A flood of content, but not a flood of listeners
Before the panic sets in, there's a telling counterpoint buried in the data. Despite this near-takeover of the upload queue, AI-generated music accounts for just 1 to 3 percent of total streams on the platform. People are uploading AI songs at an extraordinary rate - but actual listeners aren't seeking them out.

That gap between supply and demand tells you a lot. It suggests a lot of this activity is less about making music people love and more about gaming the system - what Deezer itself describes as "fraudulent" uploads, likely tied to streaming manipulation schemes designed to generate royalty payouts.

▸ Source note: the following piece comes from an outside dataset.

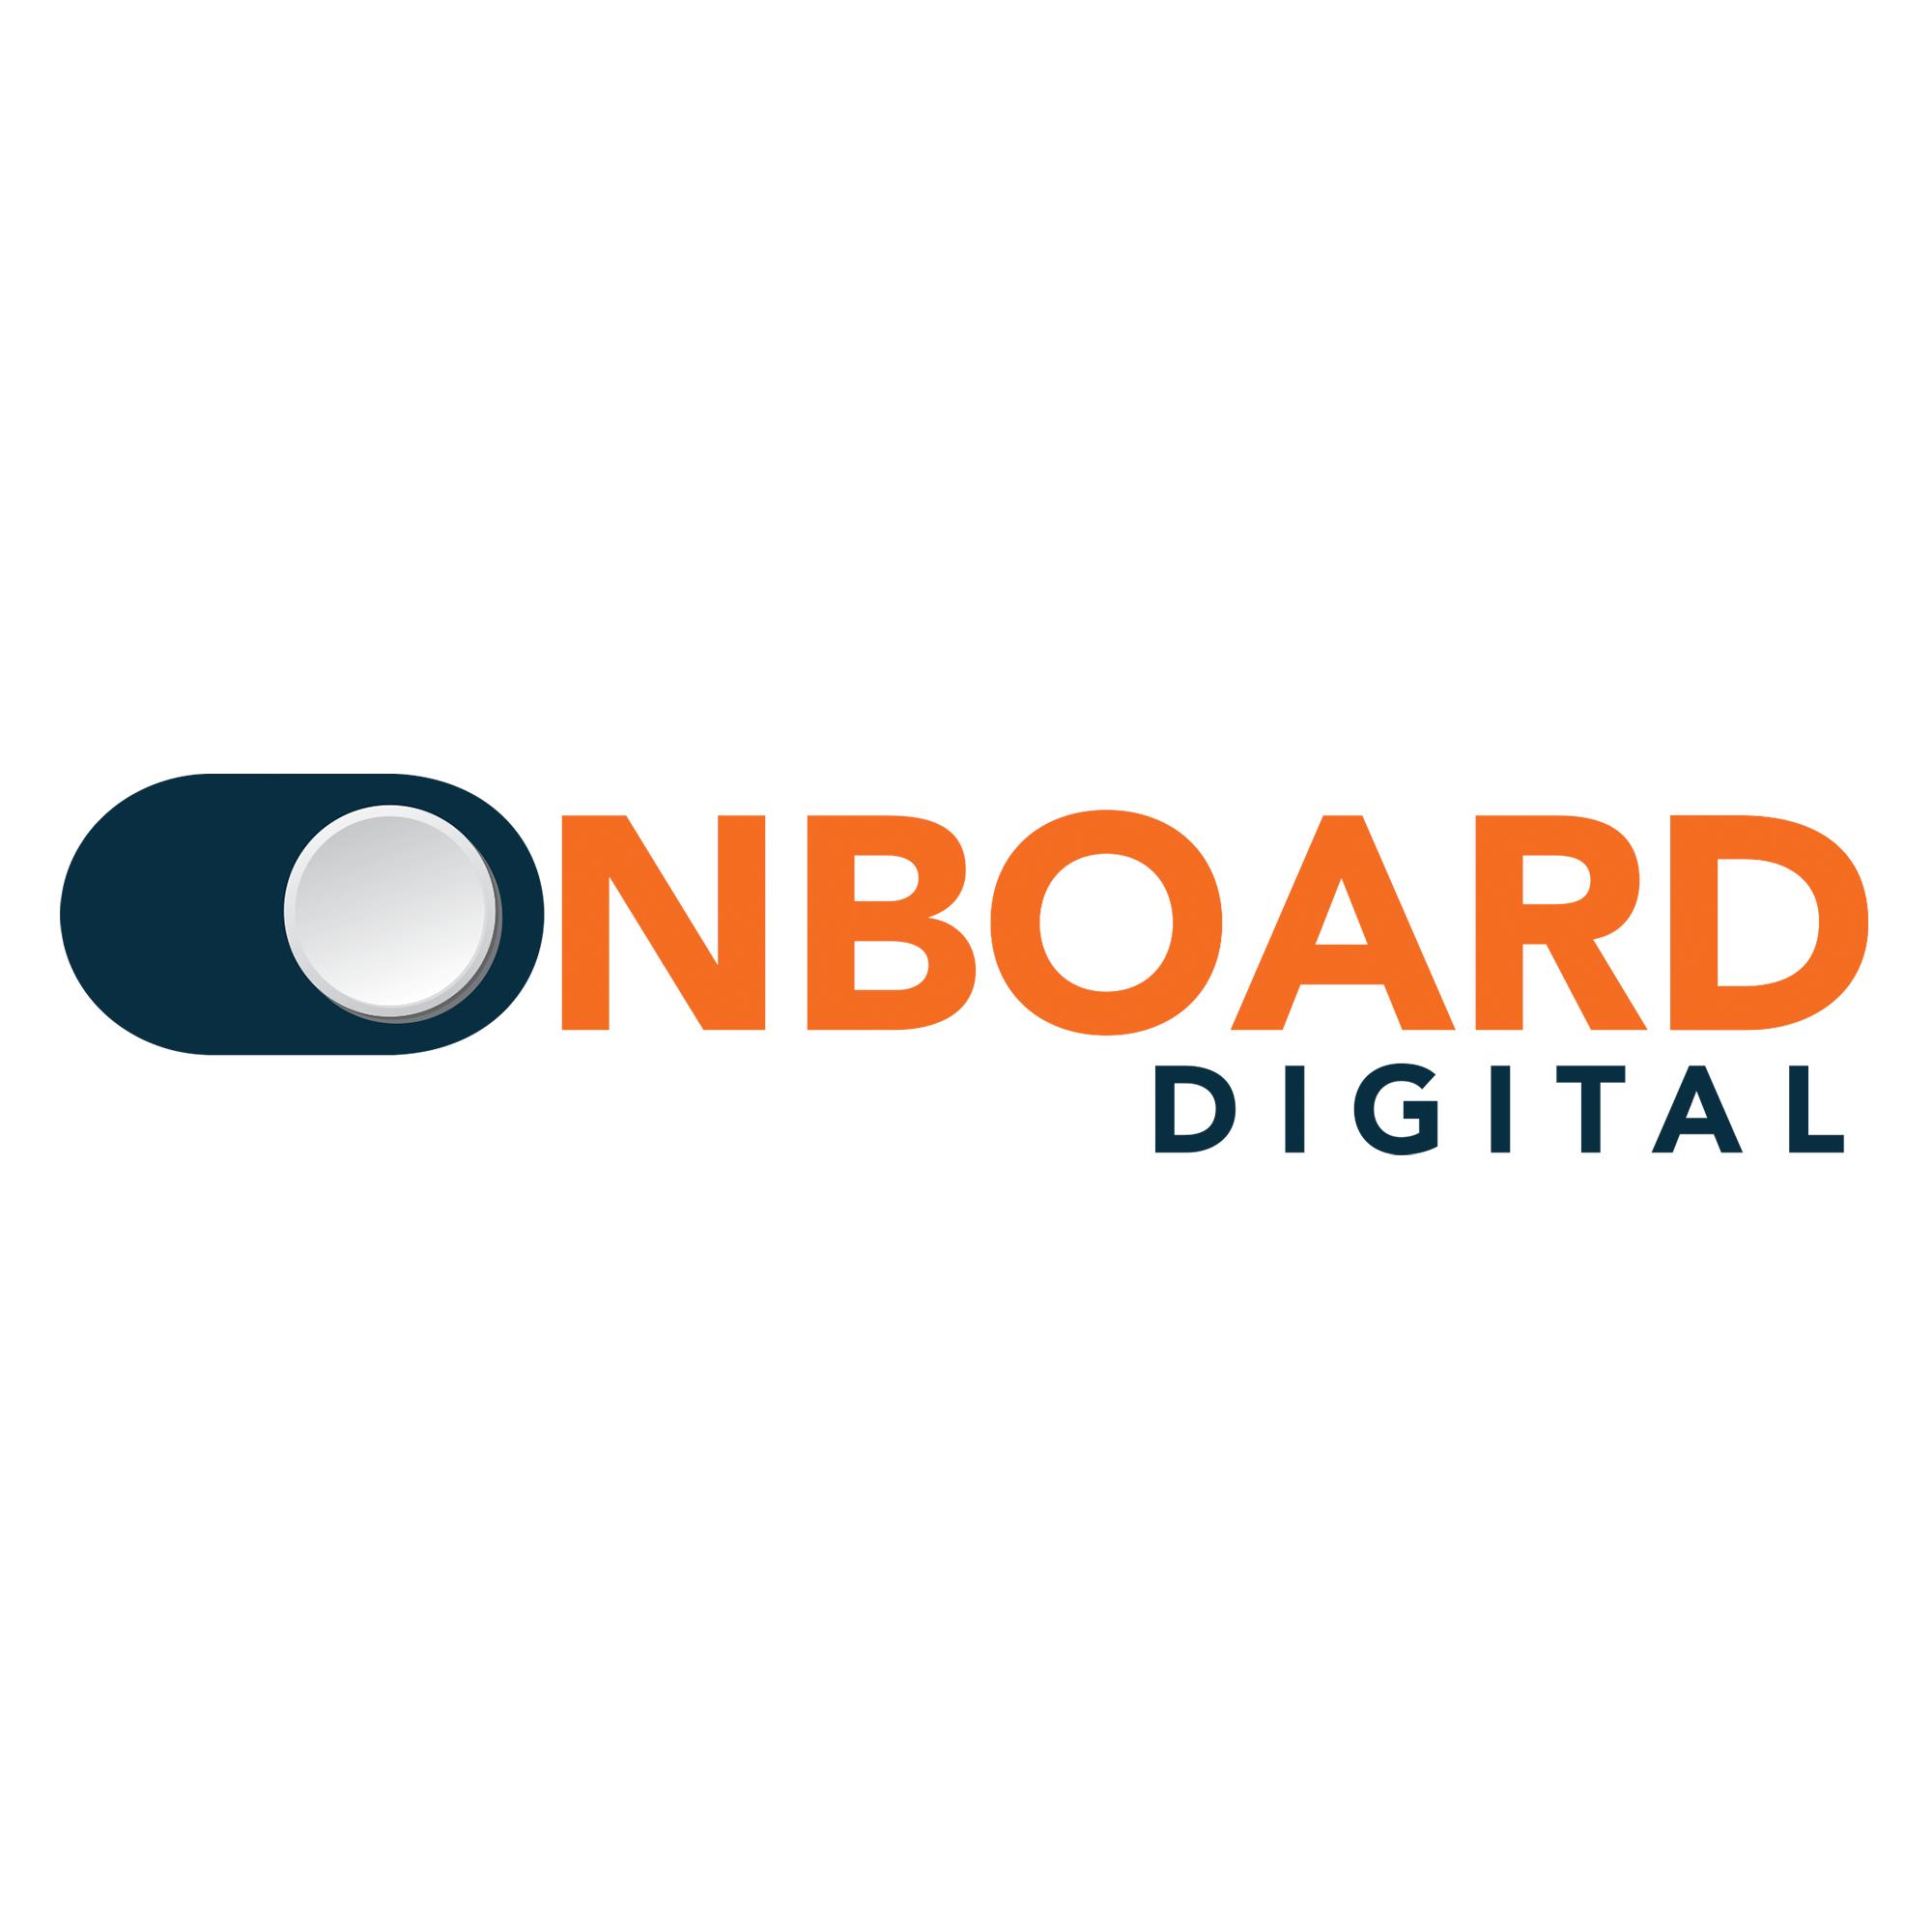 ONBOARDdigital

What Deezer is doing about it
The company isn't sitting still. Deezer says it has removed AI-generated music from its recommendation algorithm, meaning these tracks won't be surfaced to listeners through curated playlists or discovery features. The platform is also positioning its detection approach as a potential industry standard - a signal that this isn't just a Deezer problem, but a challenge the entire music streaming world is going to have to reckon with.

Why this matters beyond the stats
The real issue here isn't whether AI music sounds good or bad - some of it genuinely doesn't. It's about what happens to the broader ecosystem when the economics of streaming get distorted by automated content at this scale. Every fraudulent stream is potentially money diverted away from the human artists who depend on those royalty fractions to make a living.
For now, the listening public seems largely unbothered - or at least unaware. People are streaming what they want to stream, and apparently that's still mostly music made by people. But as detection tools and platform policies evolve, the music industry is clearly entering a new phase where the definition of "artist" - and how platforms protect legitimate ones - is going to matter more than ever.